■ Assigned task
Output the full listing below exactly, without the pictures.

■ Available data

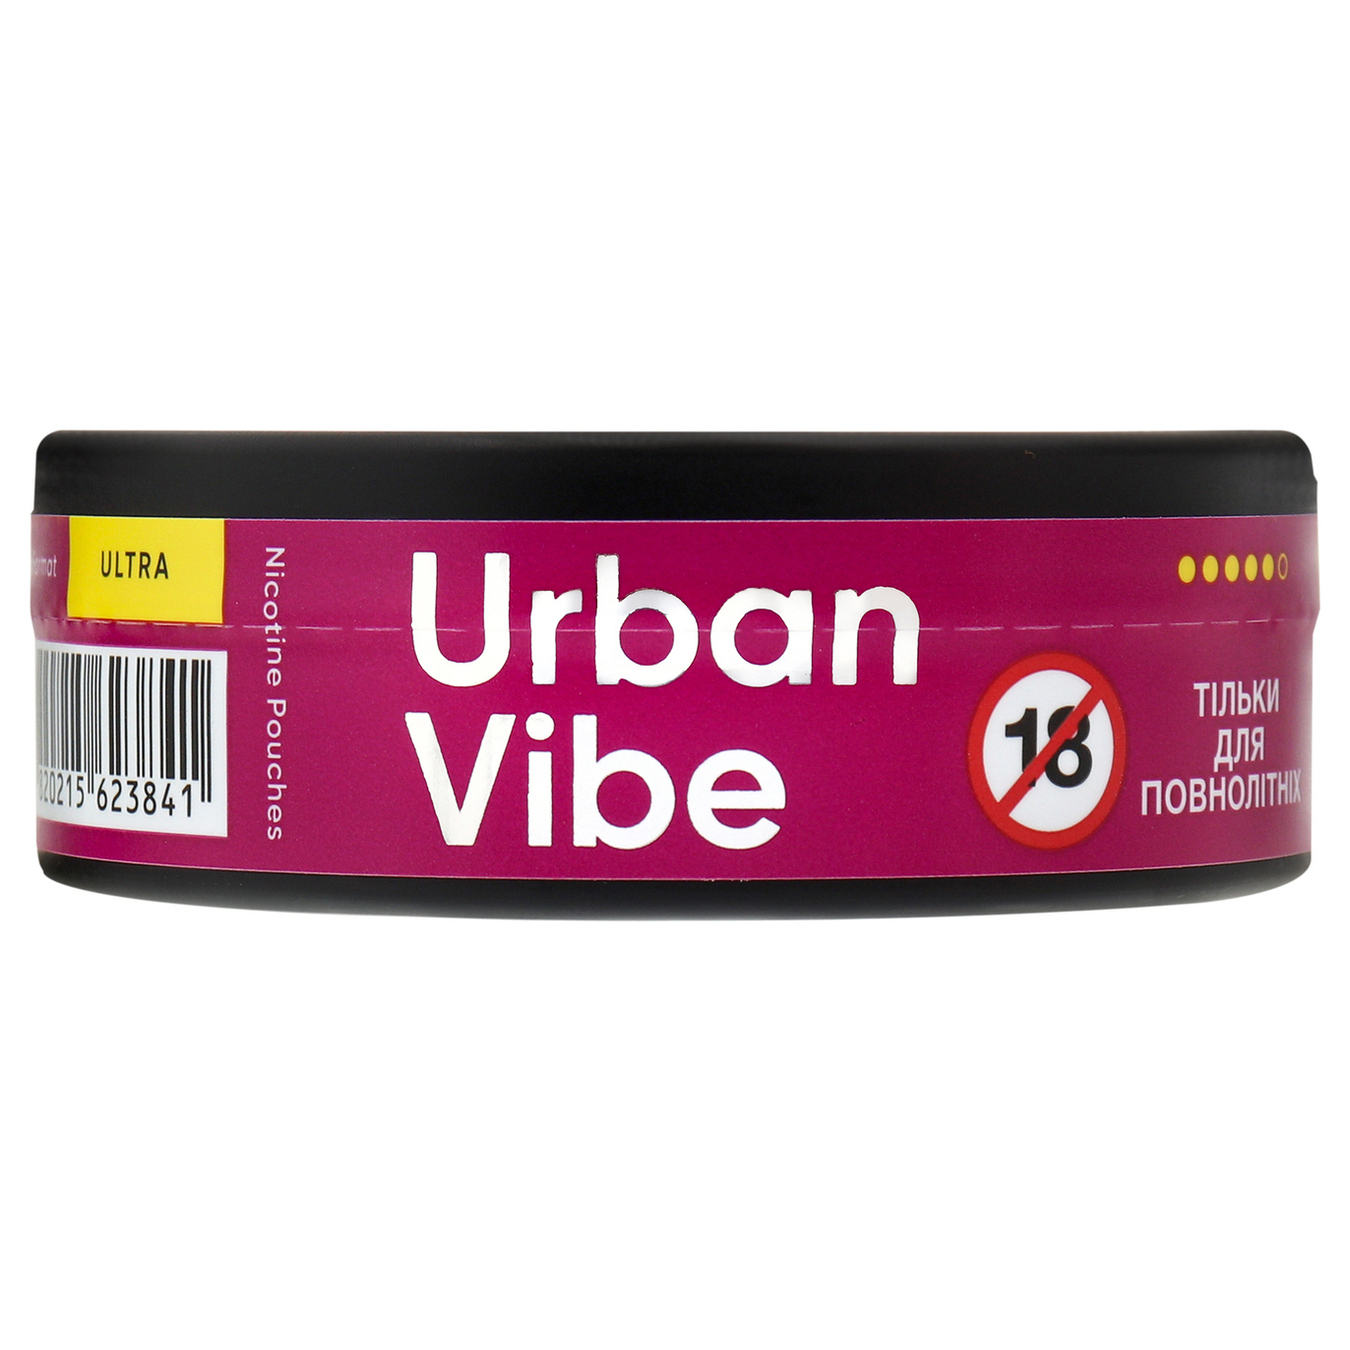 Velo pouches Urban Vibe Ultra pouches tobacco-free nicotine-containing 18*1g/pack
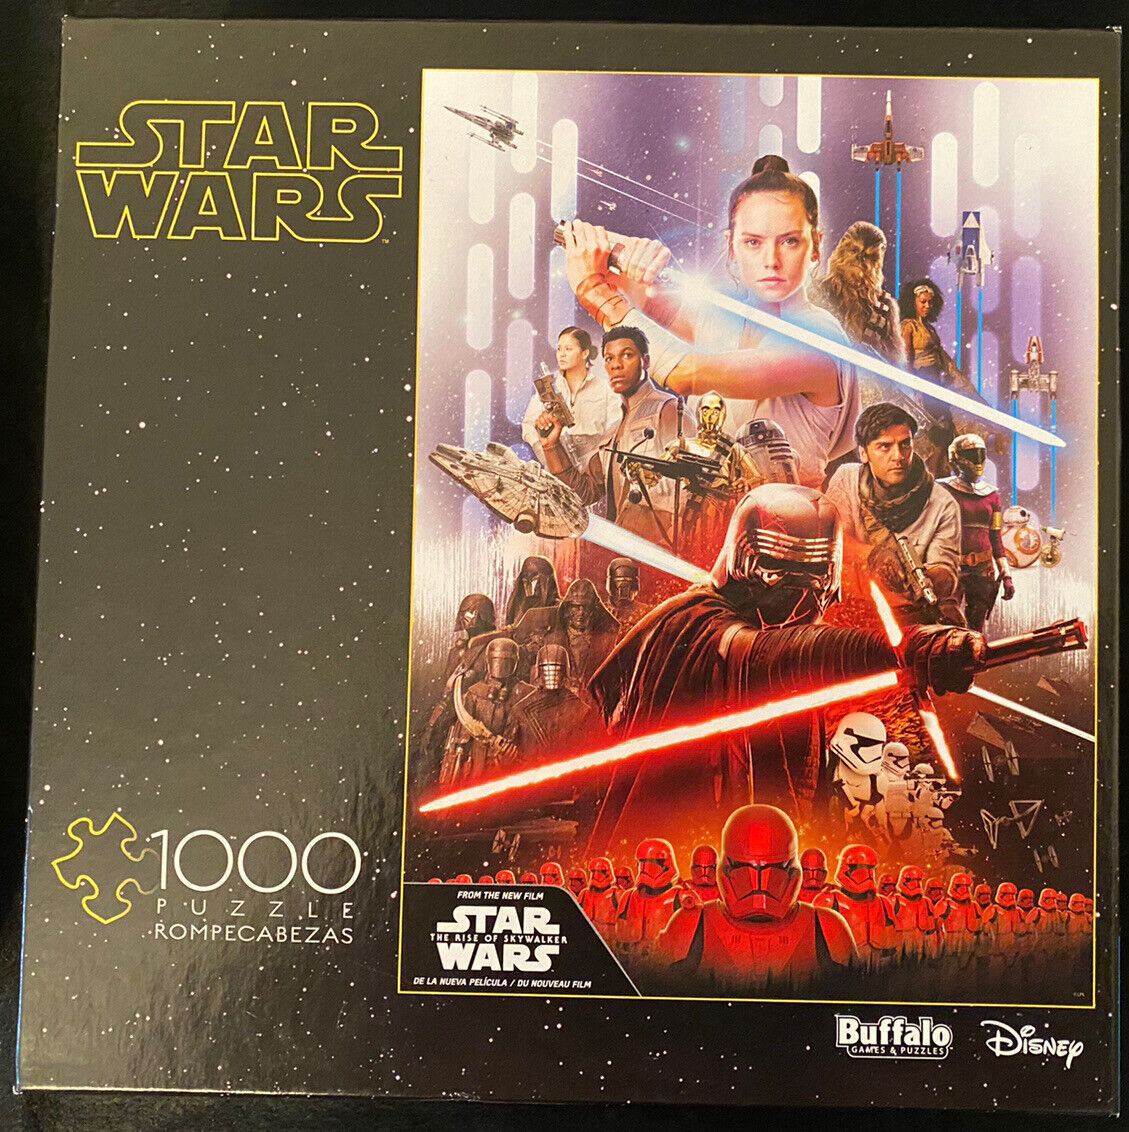 Primary image for Star Wars The Rise Of Skywalker Jigsaw Puzzle 1000 Piece Buffalo Game Disney NEW
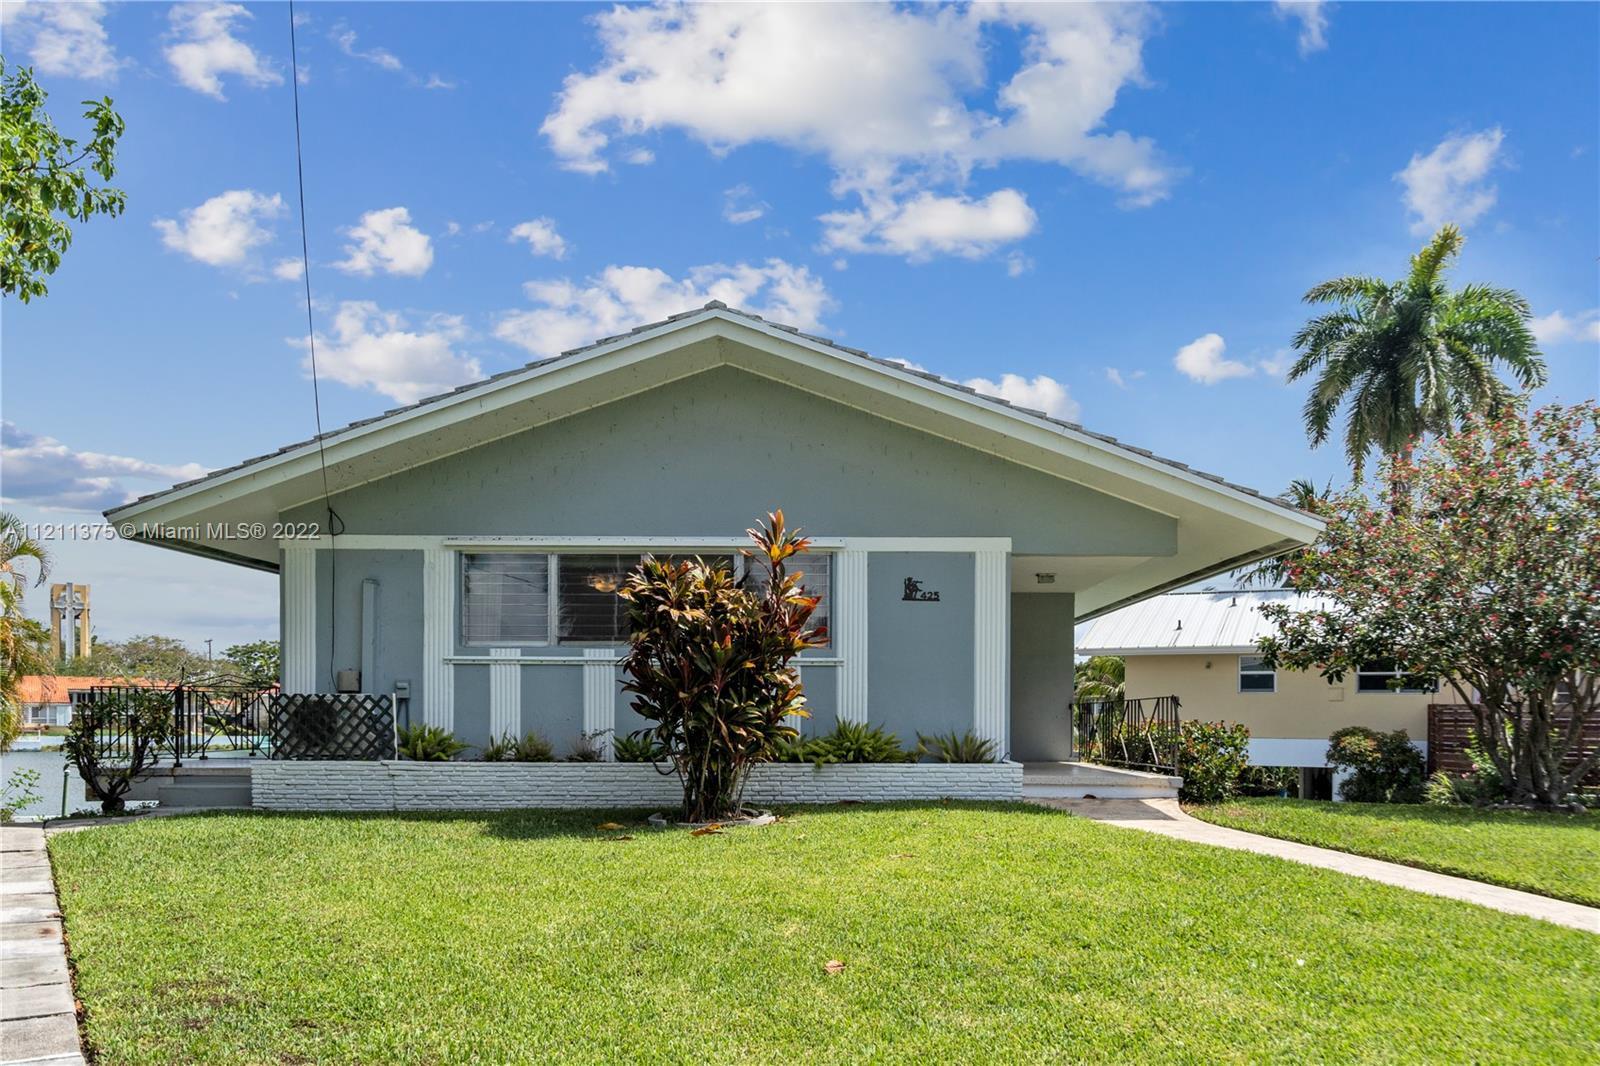 Miami Shores Lakefront home. Rare opportunity to find a Shores home under $1m on Mirror Lake. 1950’s

■ Answer section
 Velo pouches Urban Vibe Ultra pouches tobacco-free nicotine-containing 18*1g/pack
 Primary image for Star Wars The Rise Of Skywalker Jigsaw Puzzle 1000 Piece Buffalo Game Disney NEW
 Miami Shores Lakefront home. Rare opportunity to find a Shores home under $1m on Mirror Lake. 1950’s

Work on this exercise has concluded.